Those vehicles have a Telematics Gateway Unit (TGU) device and a 3g/4g/gprs/lte/edge/HDSPA modem to connect to the internet, with a public I.P. address.

There are thousands of TGU connected to the internet, with no authentication at all and with administrative interfaces through a web panel or a telnet session.

Finding publicly exposed TGUs in the internets

There are tons of open TGU and similar vehicle appliances on the internet. One very interesting and easy to find is the c4max.
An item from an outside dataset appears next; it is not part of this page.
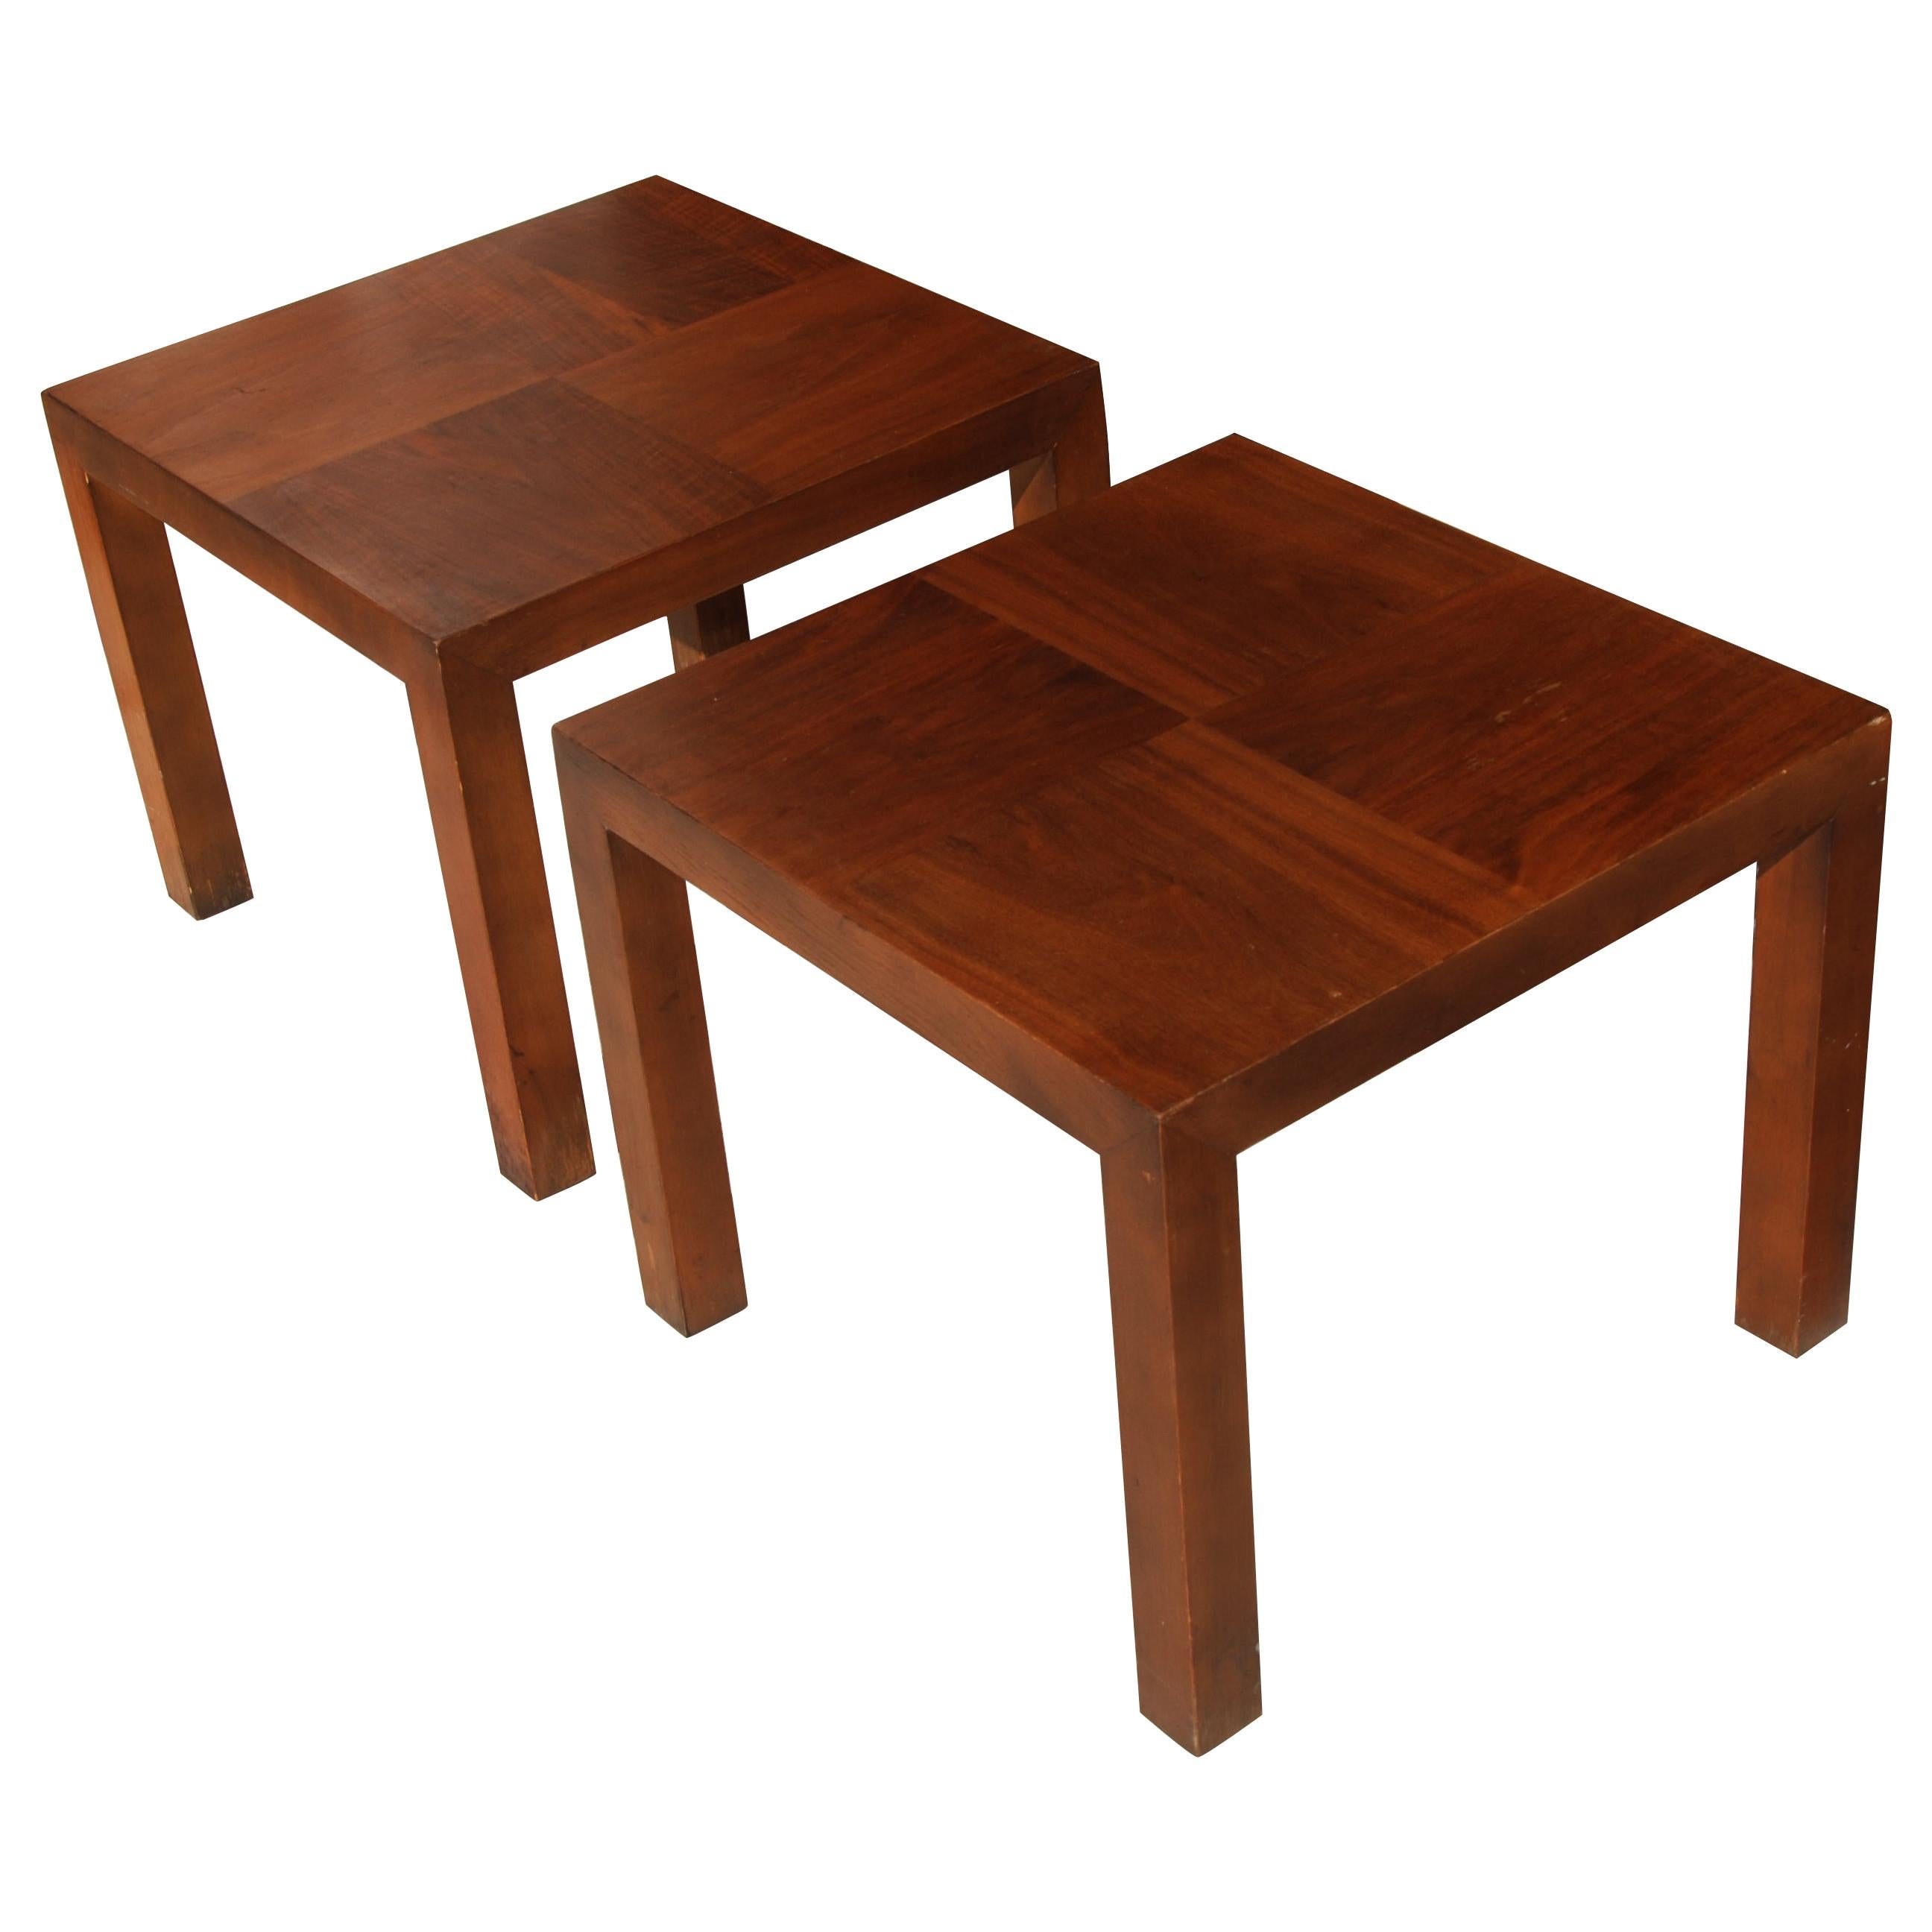 Square Walnut End Tables by Lane Furniture

The c4max smartbox is a TGU with powerful capabilities, a simple console on port 23, and is easy to identify while scaning the internet.

A quick search with shodan, reveals 733 open c4max devices on the internet, at the time of scanning. Because of the nature of these devices, connected to the internet using mobile data plans and in industrial vehicles, the devices you can find vary a lot from time to time.

Scanning the internet yourself with masscan finds different industrial vechicles working at different hours.

The c4max can be found looking for port 23, and the banner ‘gps’ or ‘welcome on console’ or similar strings from the telnet console they provide.

An example with shodan:

https://www.shodan.io/search?query=port%3A23+gps+%22on+console%22

What can be done inside a c4max TGU

The c4max devices that I found on the internet are not password protected, and there is no security that prevents anyone from connecting to them.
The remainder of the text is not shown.